Title: Technology and the Materiality of Knowledge
Subtitle: Complementing David Baird's Notion of 'Thing Knowledge'
Author(s): IYER, Arun
Journal: Etudes phénoménologiques - Phenomenological Studies
Volume: 5    Date: 2021   
Pages: 221-249
DOI: 10.2143/EPH.5.0.3288757

Abstract :
Philosophers and historians of technology have argued that technology, which consists of material instruments, tools and models, is not simply extrinsic to knowledge. It is not merely an aid to or a tool for gaining knowledge but is constitutive of knowledge itself and should therefore be considered as one of its integral components.

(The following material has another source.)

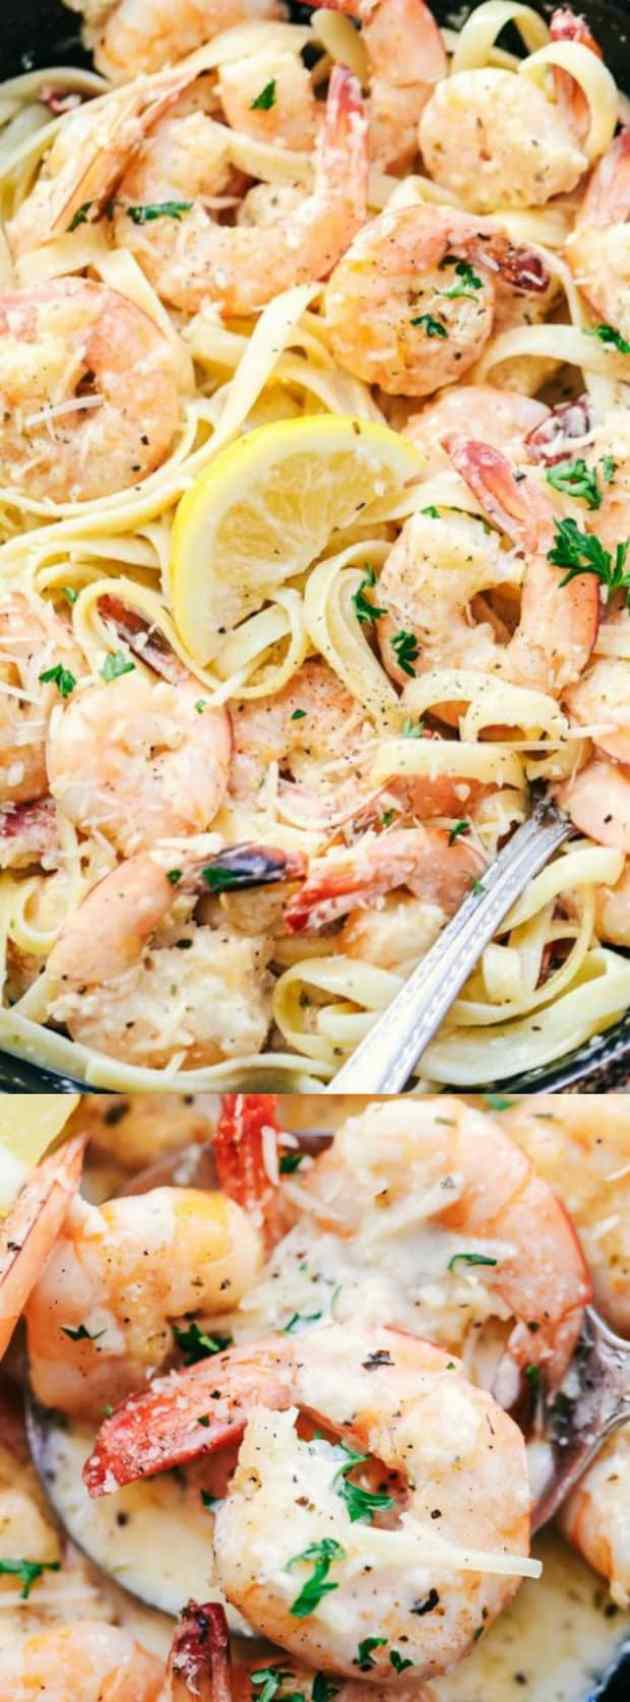 Creamy Parmesan Garlic Shrimp Pasta Longpin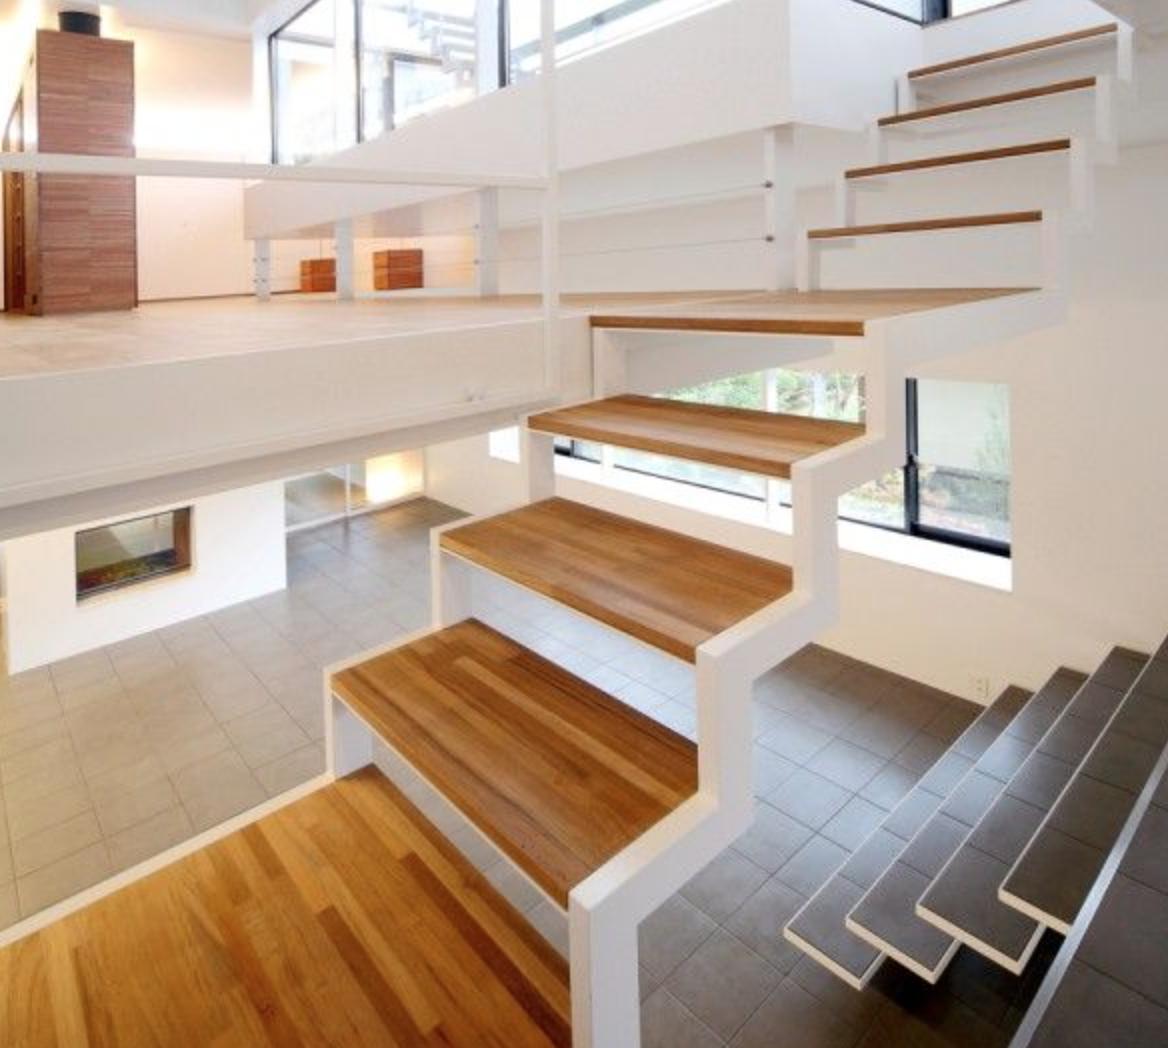 freie treppe wei stahl randger st holz elemente treppe pinterest treppe wei stahl und. Black Bedroom Furniture Sets. Home Design Ideas

In the following essay, I assess one of the more recent attempts by a philosopher and historian of technology to comprehensively expand our conception of knowledge by unveiling its much-overlooked material dimension. Davis Baird’s account of the materiality of knowledge takes the form of three related theses: i. Knowledge is not necessarily reducible to belief, ii. Knowledge can be non-verbal, iii. A technological device is itself knowledge. I reveal three limitations in the way Baird understands and justifies these theses and how the work of Edmund Husserl and Michel Foucault can be used to overcome these limitations and strengthen these three theses towards building a robust materialist epistemology.